Merge pull request #41378 from windsonsea/awarer

k8s-ci-robot · web-flow · commit a6d4eeb4d884 · 2023-06-02T00:42:52.000-07:00
[zh] sync topology-aware-routing.md
diff --git a/content/zh-cn/docs/concepts/services-networking/topology-aware-routing.md b/content/zh-cn/docs/concepts/services-networking/topology-aware-routing.md
@@ -0,0 +1,351 @@
+---
+reviewers:
+- robscott
+title: 拓扑感知路由
+content_type: concept
+weight: 100
+description: >-
+  **拓扑感知路由**提供了一种机制帮助保持网络流量处于流量发起的区域内。
+  在集群中 Pod 之间优先使用相同区域的流量有助于提高可靠性、性能（网络延迟和吞吐量）或降低成本。
+---
+<!--
+reviewers:
+- robscott
+title: Topology Aware Routing
+content_type: concept
+weight: 100
+description: >-
+  _Topology Aware Routing_ provides a mechanism to help keep network traffic within the zone
+  where it originated. Preferring same-zone traffic between Pods in your cluster can help
+  with reliability, performance (network latency and throughput), or cost.
+-->
+
+<!-- overview -->
+
+{{< feature-state for_k8s_version="v1.23" state="beta" >}}
+
+{{< note >}}
+<!--
+Prior to Kubernetes 1.27, this feature was known as _Topology Aware Hints_.
+-->
+在 Kubernetes 1.27 之前，此特性称为**拓扑感知提示（Topology Aware Hint）**。
+{{</ note >}}
+
+<!--
+_Topology Aware Routing_ adjusts routing behavior to prefer keeping traffic in
+the zone it originated from. In some cases this can help reduce costs or improve
+network performance.
+-->
+**拓扑感知路由（Toplogy Aware Routing）** 调整路由行为，以优先保持流量在其发起区域内。
+在某些情况下，这有助于降低成本或提高网络性能。
+
+<!-- body -->
+
+<!--
+## Motivation
+
+Kubernetes clusters are increasingly deployed in multi-zone environments.

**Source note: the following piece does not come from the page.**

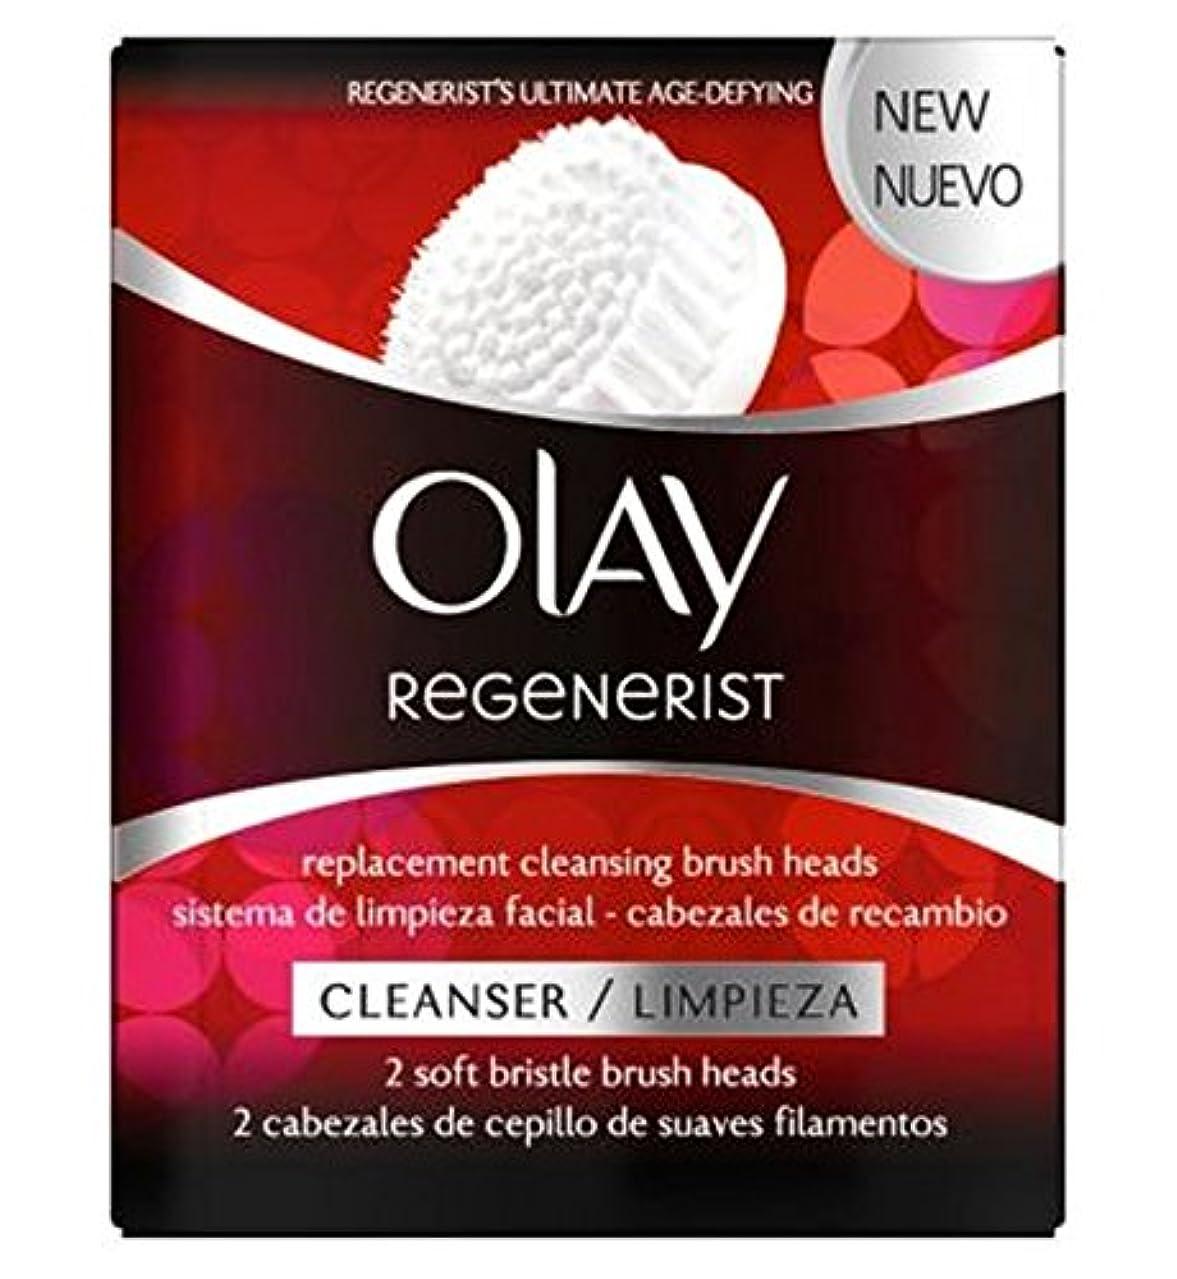 粗いパール不利益Olay Regenerist 2 Replacement Cleansing Brush Heads - オーレイリジェネ2交換用クレンジングブラシヘッド (Olay) [並行輸入品]

+_Topology Aware Routing_ provides a mechanism to help keep traffic within the
+zone it originated from. When calculating the endpoints for a {{<
+glossary_tooltip term_id="Service" >}}, the EndpointSlice controller considers
+the topology (region and zone) of each endpoint and populates the hints field to
+allocate it to a zone. Cluster components such as {{< glossary_tooltip
+term_id="kube-proxy" text="kube-proxy" >}} can then consume those hints, and use
+them to influence how the traffic is routed (favoring topologically closer
+endpoints).
+-->
+## 动机   {#motivation}
+
+Kubernetes 集群越来越多地部署在多区域环境中。
+**拓扑感知路由** 提供了一种机制帮助流量保留在其发起所在的区域内。
+计算 {{<glossary_tooltip term_id="Service">}} 的端点时，
+EndpointSlice 控制器考虑每个端点的物理拓扑（地区和区域），并填充提示字段以将其分配到区域。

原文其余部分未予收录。